Removing User Principals

You may need to delete user principals from the database. When you delete a principal account from the database, the principal name, attributes, and properties are removed from the database and you cannot use the principal to authenticate to the Kerberos server. To delete a principal, use the HP Kerberos Administrator or the command-line interface administrative utility.

For user principals, you may need to perform additional steps to remove the special privilege settings.

For user principals that use a UNIX system, every UNIX host that a principal uses contains the host/service principal. If this system is unused, delete the service key from the host and remove the host/<fqdn> principal from the database.

Removing Special Privilege Settings

If the principal has special privileges, remove these privileges. Examples of special privileges are as follows:

Administrative principal that is aware of the UNIX root password. Ensure that you change the root or administrator password according to your password requirements.
Administrative principal using kadmin. Ensure that you remove the administrative principal entry in admin_acl_file.




	NOTE: When you delete an administrative principal using the HP Kerberos Administrator, any reference to that principal is automatically removed from `admin_acl_file`.

Protecting a Secret Key

A user principal must provide its password during authentication to create the secret key of the user principal.
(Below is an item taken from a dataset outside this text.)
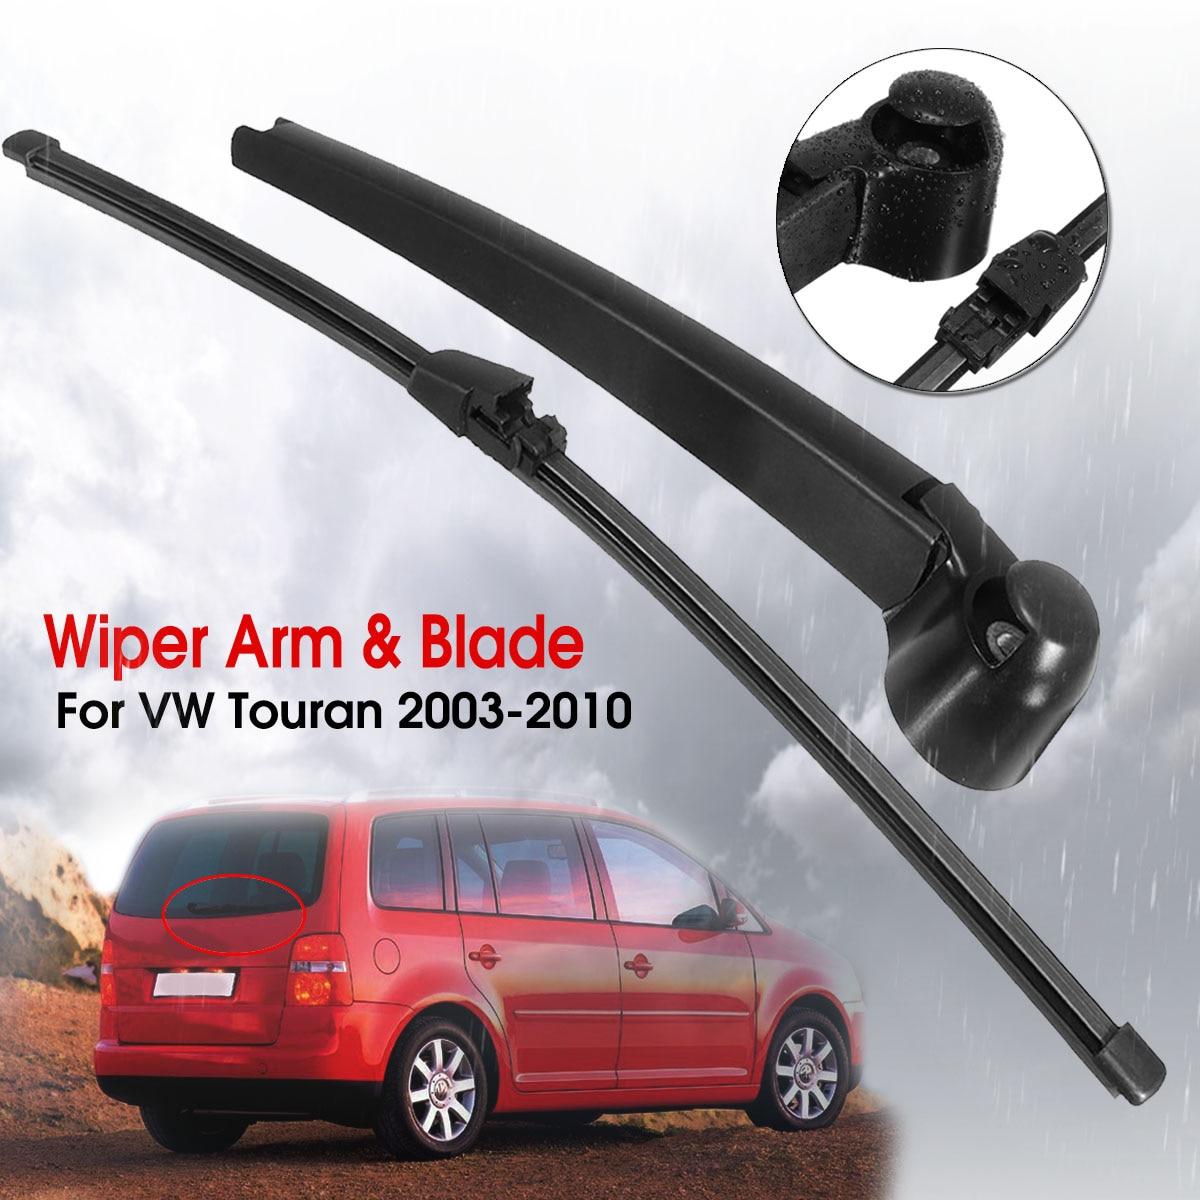 1 conjunto 16 carro janela traseira do pára-brisas limpador braço & lâmina conjunto para vw touran touran 1t1 1t2 2003 2004 2005 2006 2007 2008 2009 2010

For best security, all users must periodically change their passwords.

This version of Kerberos contains the following methods to enforce user principals to change their password:

You can enable the Password Change Required attribute to enforce the users to change their passwords during next logon.
When the password expiration date is exceeded, the user principal must change his or her password. The password policy file or the date set for the principal account using one of the Kerberos server administrative utilities contain the password expiration time.

In all these cases, users can use the UNIX command kpasswd to change their passwords. When users execute the kpasswd command at the HP-UX prompt, they must enter the current password, then enter the new password twice to verify the new password string. The new password of the principal is automatically checked against the password policy file to ensure that it meets the enterprise criteria for secure passwords. Using the password policy file, you can specify rules that require users to create passwords that can prevent easy discovery of the password. For more information on the Password Policy File, see “Password Policy File”.
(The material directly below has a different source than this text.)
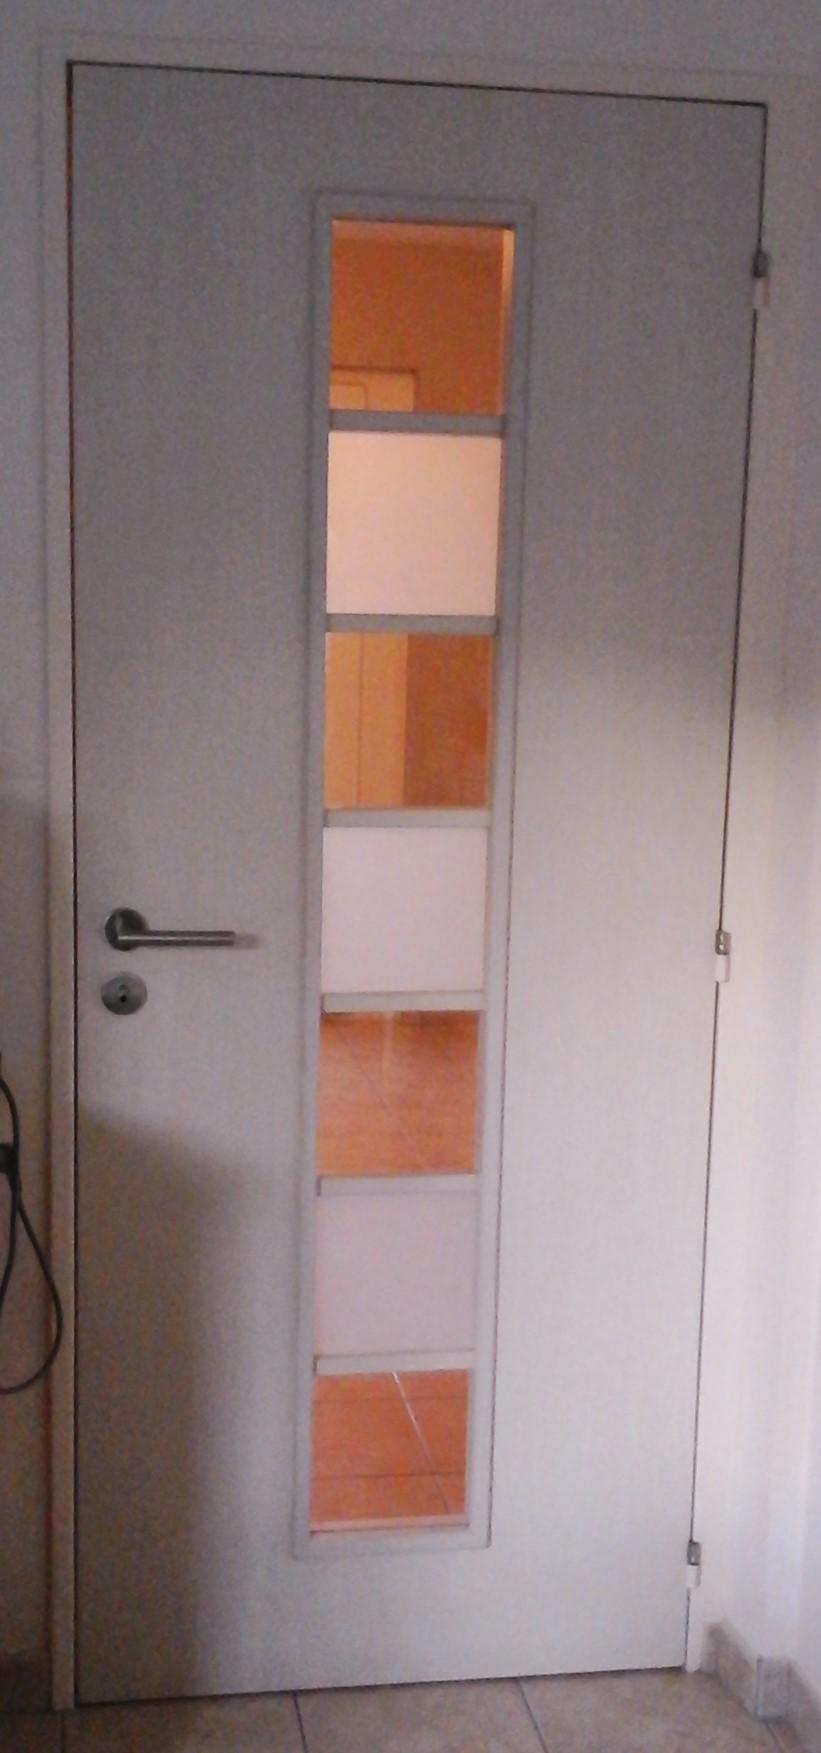 Menuiserie d int rieur menuiserie escaliers straub for Menuiserie interieur

If you are using a principal account with the required administrative permissions, you can change the password of the user principal without knowing the current password of the principal.

When you change the password of a principal using one of the Kerberos administrative utilities, the password is not verified against the password policy file. Therefore, after you set a password, the user must change the password the next time he or she attempts to authenticate using the account. The Change Password Required attribute is automatically enabled. You must securely communicate the temporary password to the user so that users are aware of their temporary passwords during next logon.

Removing Service Principals

When you delete a service principal account from the database, the service account is no longer available on the network.

Deleting a service principal using one of the Kerberos administrative utilities removes the principal name, attributes, and properties from the database.

For a service principal, you need to perform an additional step of removing its secret key, which is stored in the service key table file on the host of the service. This key is not deleted when the service principal is removed from the database. Therefore, you must manually delete the secret key from the database.

If a host contains only one service, you can delete the service key table file. The default name for the file is v5srvtab.

If multiple services share the same service key table file, remove the service key for the deleted service principal account from the service key table file. For information on deleting keys from the service key table file, see “Deleting Older Keys from the Service Key Table File”.